The MOBIC brigadier looked at him as if calculating just what it would take to get him to sign the contract to buy the used car.

“Send a request to Holy Land Command for your Marines to be subordinated to First MOBIC Corps. Justify the request by stating that the Army’s Third Corps and General Harris misused your Marines, then restrained you from fighting.”

“And what—exactly—do my Marines get in return?”

“I told you. The Military Order of the Brothers in Christ has no quarrel with the Marine Corps. We simply need to put an end to the current duplication and waste of our nation’s resources caused by the continued existence of the Army.”

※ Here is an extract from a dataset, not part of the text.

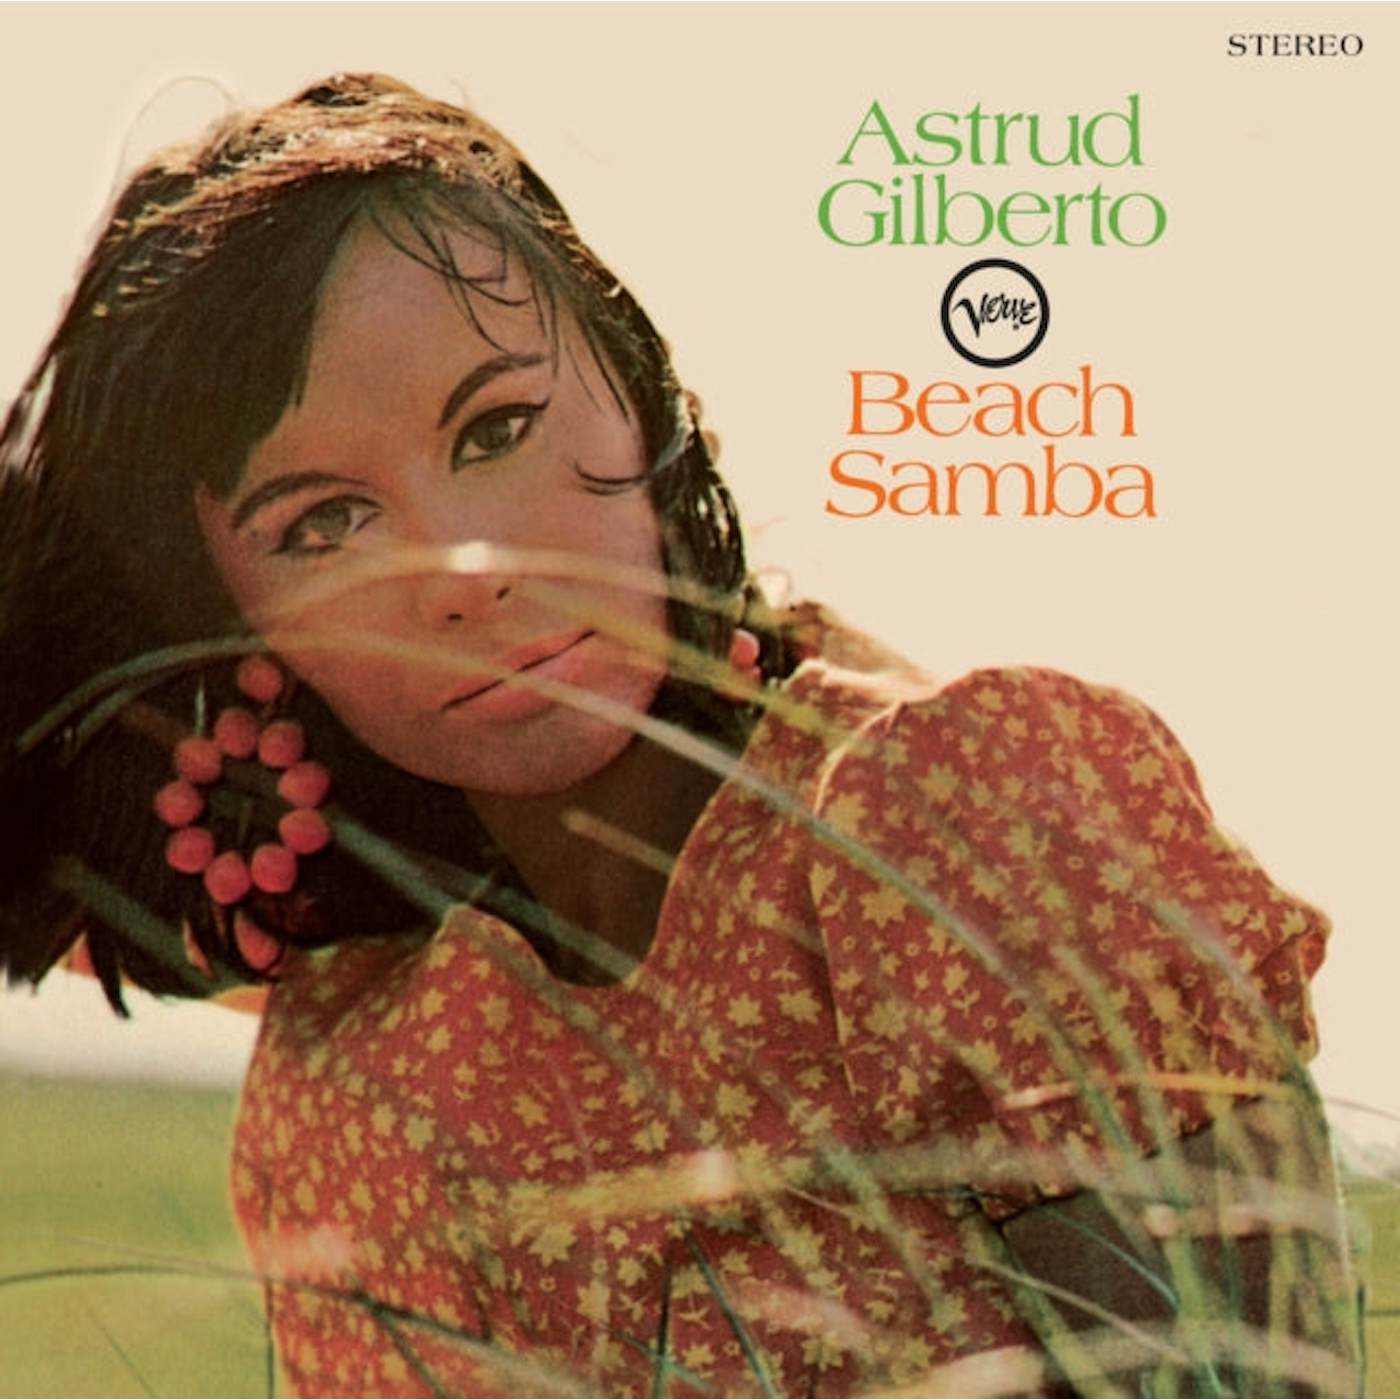 Astrud Gilberto LP Vinyl Record - Beach Samba (Limited Edition)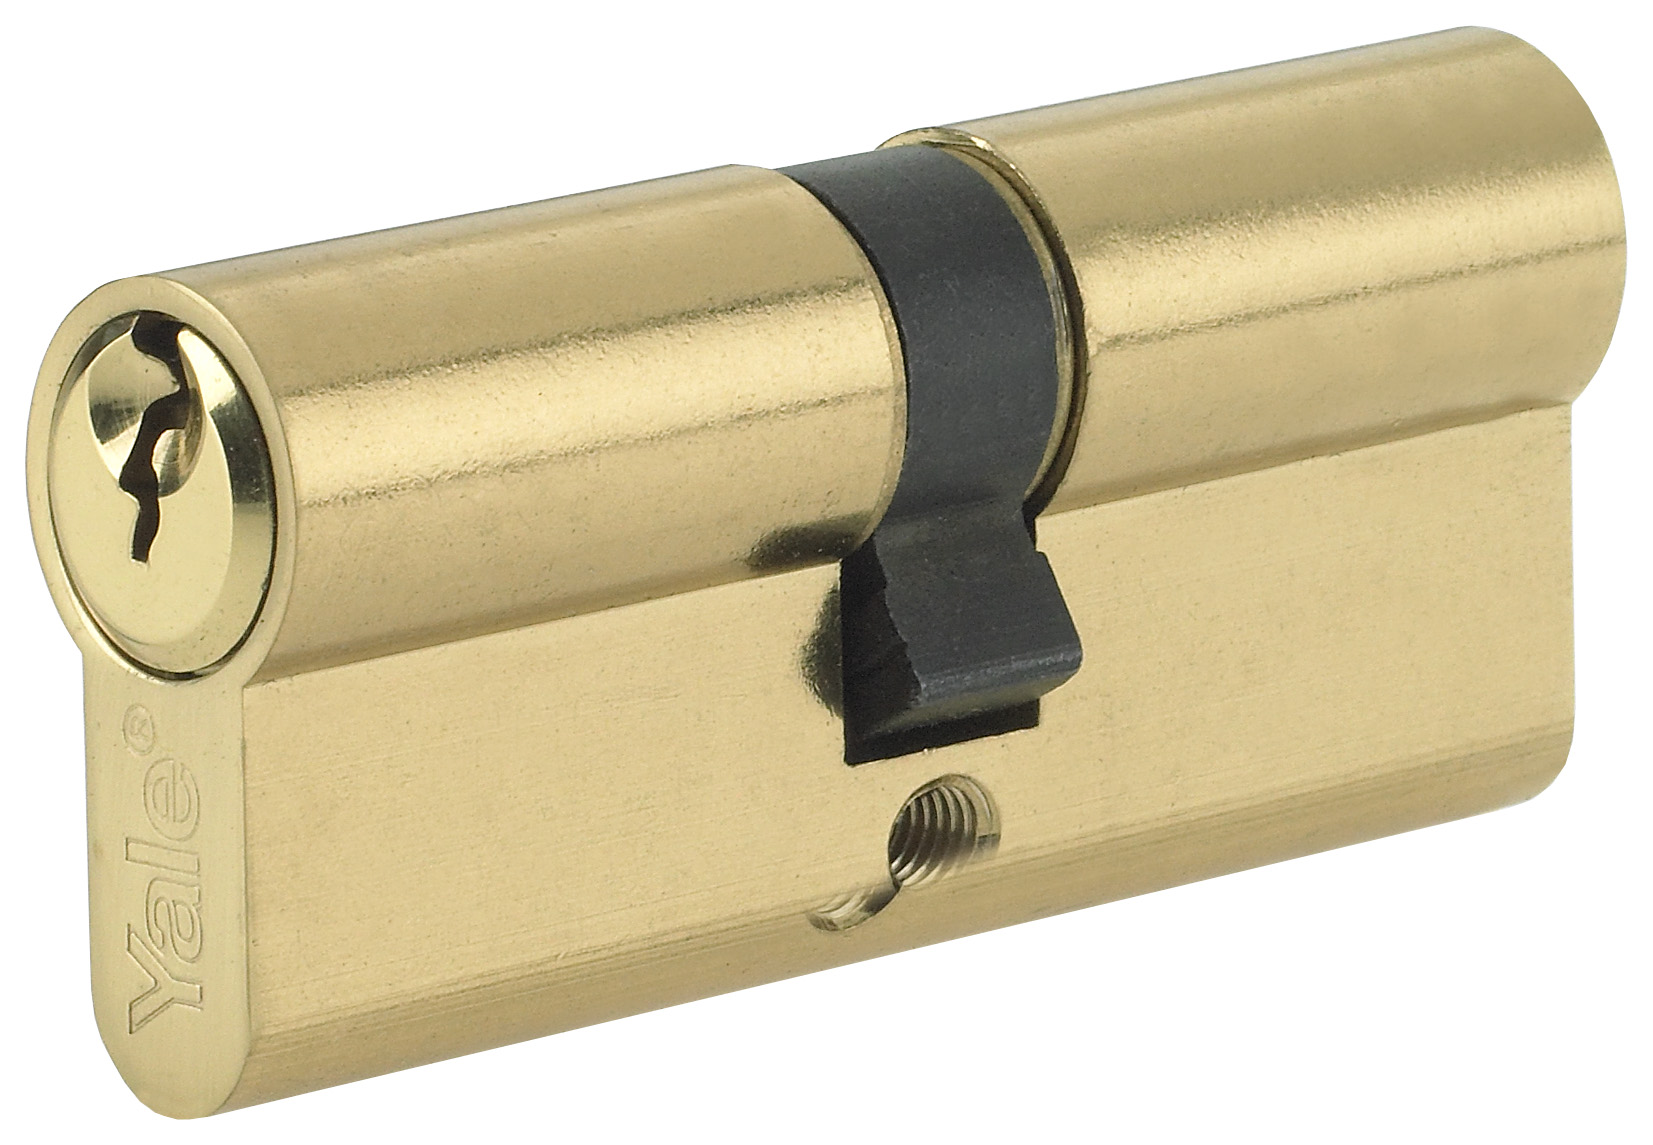 Yale P-ED3540-PB Euro Profile Brass Cylinder Lock - 35 x 10 x 40mm

“That’s still not an answer.”

“If you require more specificity, I’m authorized to tell you that the MOBIC high command is prepared to guarantee that it will do everything in its power to ensure the survival of the Marine Corps.”

“The same assurance that you gave the Air Force, I take it?”

“I wouldn’t know anything about such matters. My focus is on finding a way to preserve the Marine Corps. As I said, the Corps is a national treasure.”

“Then why should preserving it be contingent on lining up with you against the Army? Or on anything?”

“We live in a practical world. A world of finite resources. Everyone needs allies. Your help at present would obligate us to help you later.” The visitor tried to summon a reassuring smile. “I realize the sort of feelings you must have. Military men are loyal to one another. Even across service lines. I know—I used to wear an Army uniform myself, before I decided to better serve my country by bearing arms for the Lord. I don’t expect an immediate answer. I can give you twelve hours. But then we’ll need your answer. And, if you’ll allow me a personal note, I’d be deeply sorry to see a tragic rift develop between the Order and the Corps. When we’re natural allies.”

Morris wanted to grab the overgroomed brigadier by his shining hair and hammer his face into the table. And not just once. But Morris recognized that he had a duty to control himself. And to think, hard, about what he was being offered.

He didn’t believe the man’s elusive promises for an instant. But he also wondered what he
did
owe to the Corps, under the circumstances, and what his responsibility really was, given the current climate back in Washington.

He already knew his answer, or thought he did. He saw that this was just a downright insulting attempt to drive a wedge between the Army and the Corps, then to defeat both in detail. Nor did he
think he could live with himself if he betrayed Harris at a juncture like this.

But it was, nonetheless, his duty to think the offer through, to analyze the situation as dispassionately as he could and to burrow into every nuance, to overcome his personal and professional prejudices to judge what truly was best for the country.

“Twelve hours?” he said.

His visitor perked up. “You’ll think about it then? Good. Grand. I’d love to see the Marine Corps and the Military Order of the Brothers in Christ embrace each other in loving friendship.”

Morris almost asked, “And after the embrace, we get fucked, right? In front, or from behind?”

Instead, he told the brigadier, “You’ll have my answer in twelve hours. Now I’ve got work to do.”

But he accomplished little after his visitor disappeared back into the night. As soon as the dev il with the black cross evaporated, Morris could say with certainty that he wouldn’t do as asked, wouldn’t betray the Army or Flintlock Harris. The MOBIC creeps wouldn’t honor the bargain, anyway. They’d howl with laughter at his stupidity, the gullibility of a dumb-ass Jarhead.

And yet . . . What did it all mean? Would he go down in the books as the man who destroyed the Marine Corps? Was that how Major General Morton Morris, USMC, would be remembered?

Yes, if the MOBIC crowd wrote the history books. And, increasingly, it looked as if they would.